Terry Pratchett kazał zniszczyć swoje niedokończone książki. Żeby nikt na nim nie żerował

Kochany na całym świecie pisarz fantasy, Terry Pratchett, już nigdy nie zaskoczy nas nowymi, odkrytymi pośmiertnie tekstami. Zgodnie z jego wolą dysk twardy z jego roboczymi tekstami rozjechano parowym walcem. Dlaczego tego chciał?
Terry Pratchett kazał zniszczyć swoje niedokończone książki. Żeby nikt na nim nie żerował

Wszystko odbyło się tak, jak zaplanował autor – piękny parowy walec marki John Fowler & Co nazwany Lord Jericho pojawił się na plenerowej imprezie Great Dorset Steam Fair w ramach otwarcia nowej wystawy poświęconej życiu i twórczości pisarza.
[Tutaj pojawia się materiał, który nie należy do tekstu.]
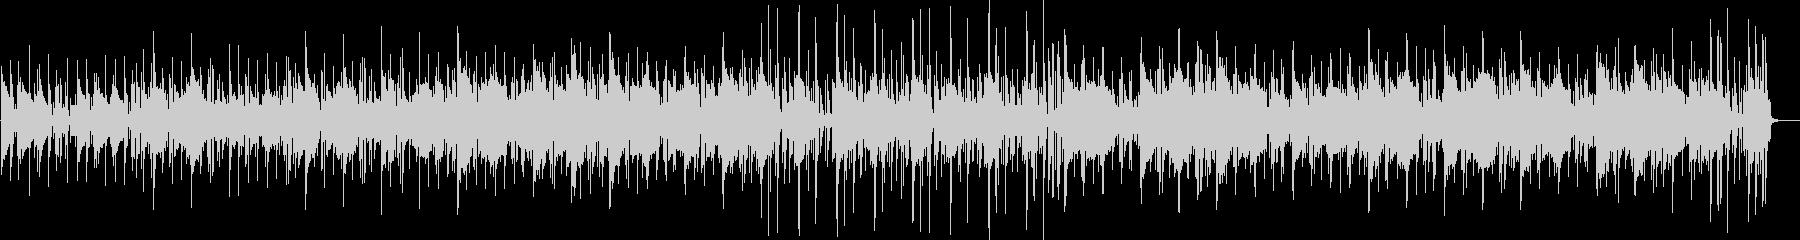 フワフワ感、スローなトランペットの曲の未再生の波形

Dwa lata temu autor popularnej serii opowieści ze Świata Dysku zmarł po długiej batalii z chorobą Alzheimera. 

Zaraz po jego odejściu Neil Gaiman, także pisarz fantasy (równie kultowy wśród fanów gatunku), przyjaciel i częsty wspólpracownik Pratchetta powiedział, że jednym z ostatnich życzeń twórcy przygód czarodzieja Rincewinda było to by “wszystko nad czym pracował w dniu śmierci, włącznie z jego komputerami, zostało rozjechane przez parowy walec.”

Na portalu Twitter w ubiegły piątek zarządzający majątkiem pisarza Rob Wilkins zamieścił zdjęcia i ogłosił światu, że spełnił życzenie autora. 

Życzenie pisarza jest zrozumiałe, gdy zna się jego obecne w książkach wyjątkowe poczucie humoru oraz dystans do siebie, swoich bohaterów i całego świata.  

Decyzję Pratchetta nietrudno zrozumieć obserwując losy twórczości wielu artystów po ich śmierci, kiedy do dziś każda najmniejsza pamiątka, skrawek zapisków, niedokończona piosenka, cokolwiek – wszystko wystawiane jest na sprzedaż i wyciskane jak cytryna by zarobić na znanym nazwisku -> zobaczcie galerię artystów, których twórczość i osoby spotkał taki los

Autor ponad 70 powieści dowiedział się o chorobie w 2007 roku, od tego czasu angażował się w kampanie na rzecz legalizacji świadomej eutanazji, wystąpił między innymi w filmie dokumentalnym BBC pod tytułem “Terry Pratchett: Choosing to Die.”